With the following commands, you can check what kind of computing units are available. Of course, you are looking for GPU-units to speed up computations. I am using the CPU version of Tensorflow so that it is easier for others to replicate the results

tf.config.list_physical_devices()

[PhysicalDevice(name='/physical_device:CPU:0', device_type='CPU')]

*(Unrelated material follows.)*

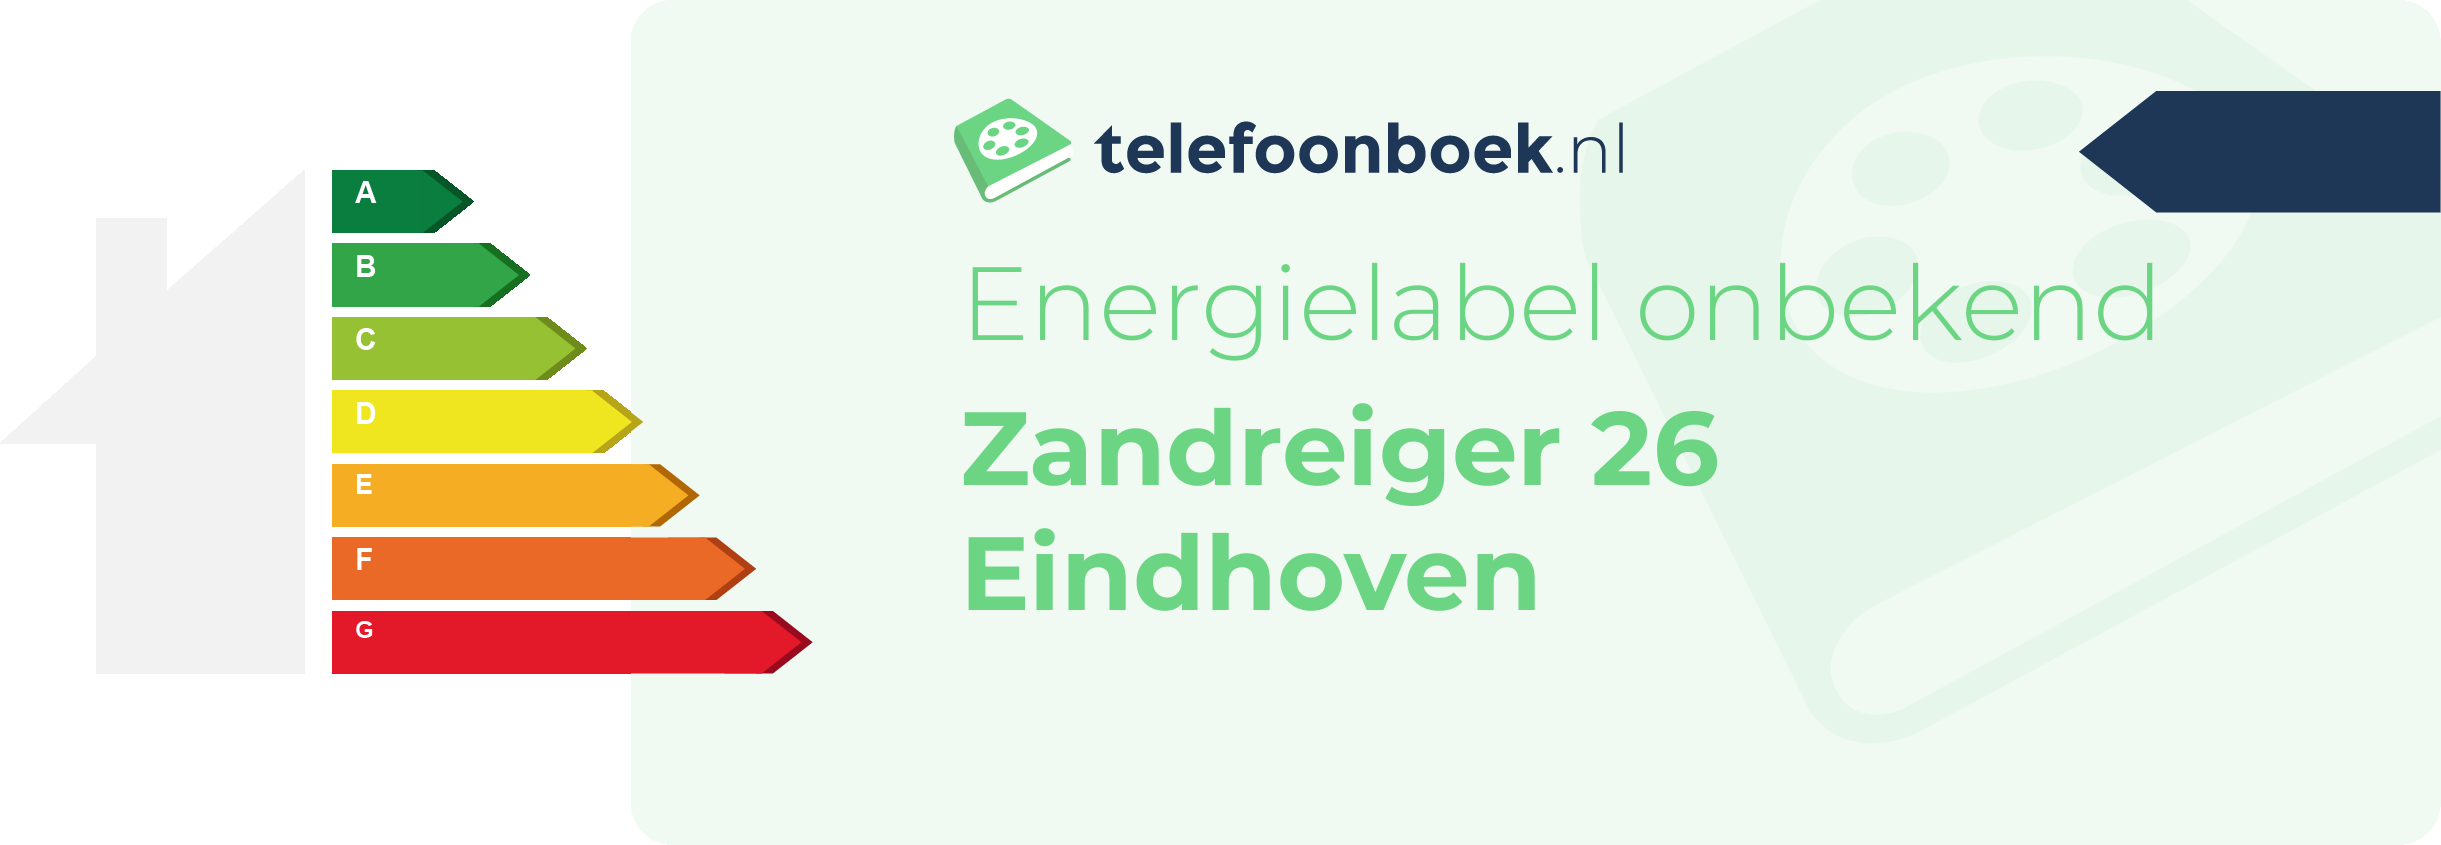 Energielabel Zandreiger 26 Eindhoven

from tensorflow.python.client import device_lib
print(device_lib.list_local_devices())

[name: "/device:CPU:0"
device_type: "CPU"
memory_limit: 268435456
locality {
}
incarnation: 7503718123590028718
]

One way to define a neural network with Keras is a single Sequential-command that has the layers in a list as a parameter. The densely connected layer has ReLU as an activation function. Because we want to categorise ten digits, softmax is the correct activation function for the last layer. Notice how the last layer has ten outputs, one for each digit. The Flatten()-layer transforms the 28 x 28 -image to a vector of size 784.

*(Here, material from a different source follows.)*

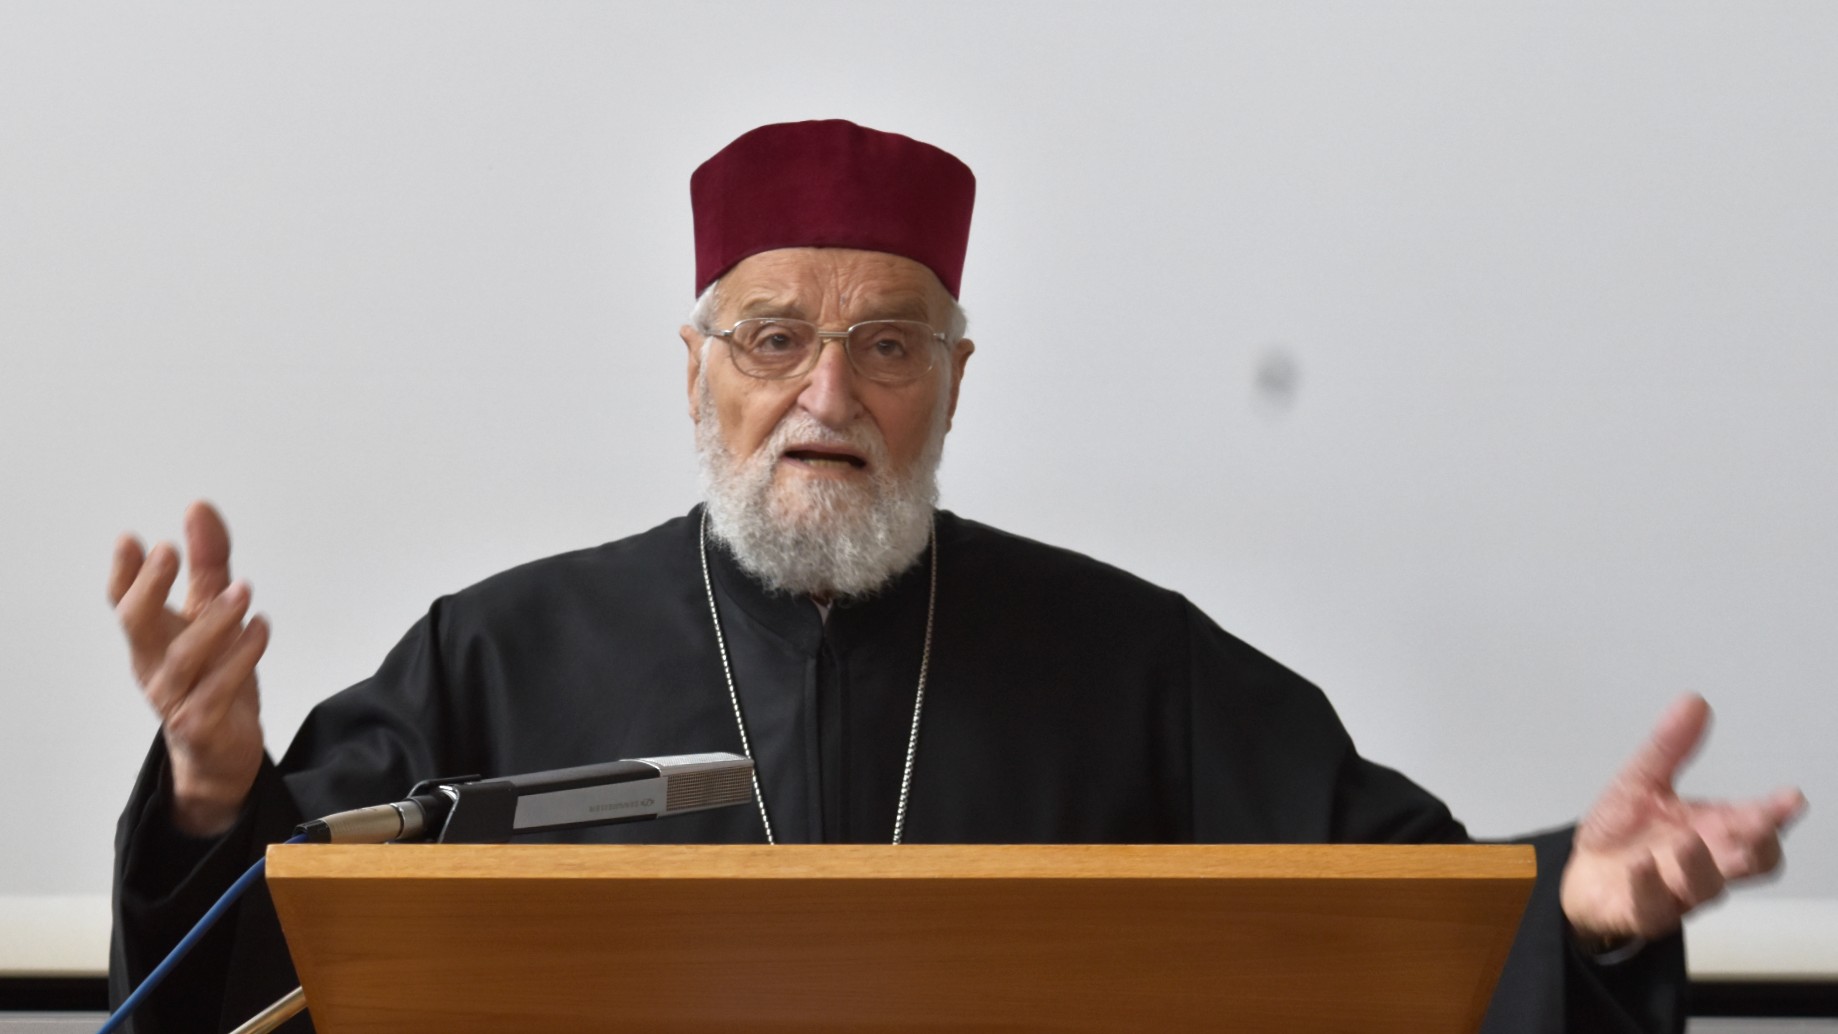 Le patriarche émérite Grégoire III fustige les sanctions contre le peuple syrien à l'Université de Fribourg  |  © Jacques Berset

With Keras, we can also build the network using sequential add()-commands. We first define the Sequential()-type and then add the layers with the add() -function.

It is much easier to understand how Keras works by following an example. So, lets work through a detailed example using Keras.

13.3. The MNIST dataset#

The MNIST database (Modified National Institute of Standards and Technology database) is a large database of handwritten digits that is commonly used as the first test for computer vision models. These are 28x28 pixel images that are anti-aliased from the original NIST black and white images, and thus, grayscale images with 256 levels. The database contains 60,000 training images and 10,000 testing images.

MNIST

Keras.dataset has the MNIST dataset, so we avoid the hassle of downloading and preprocessing the dataset by ourselves.

mnist = tf.keras.datasets.mnist

With load_data(), we can load the train and test datasets as Numpy arrays.

(x_train, y_train), (x_test, y_test) = mnist.load_data()

type(x_train)

numpy.ndarray

We have 60000 images in the training set and 10000 images in the test set.

len(x_train), len(x_test)

(60000, 10000)

Let’s check what kind of data we have. Matplotlib has a function to plot images. First, we load the library. With plt.imshow(), we can plot the image. We need to set cmap=gray to get the correct grayscale image.

import matplotlib.pyplot as plt

plt.imshow(x_train[0],cmap='gray')

<matplotlib.image.AxesImage at 0x1f5aabbd7c0>

_images/766436f0b473cf1d17f594b44f8c4aaf43e5f69ab6e4bdd7a19f6e9e73591bc3.png

y_train[0]

The originals are greyscale images with each pixel having a value from 0 to 255. We normalize them to values between 0 and 1 (neural networks like small values).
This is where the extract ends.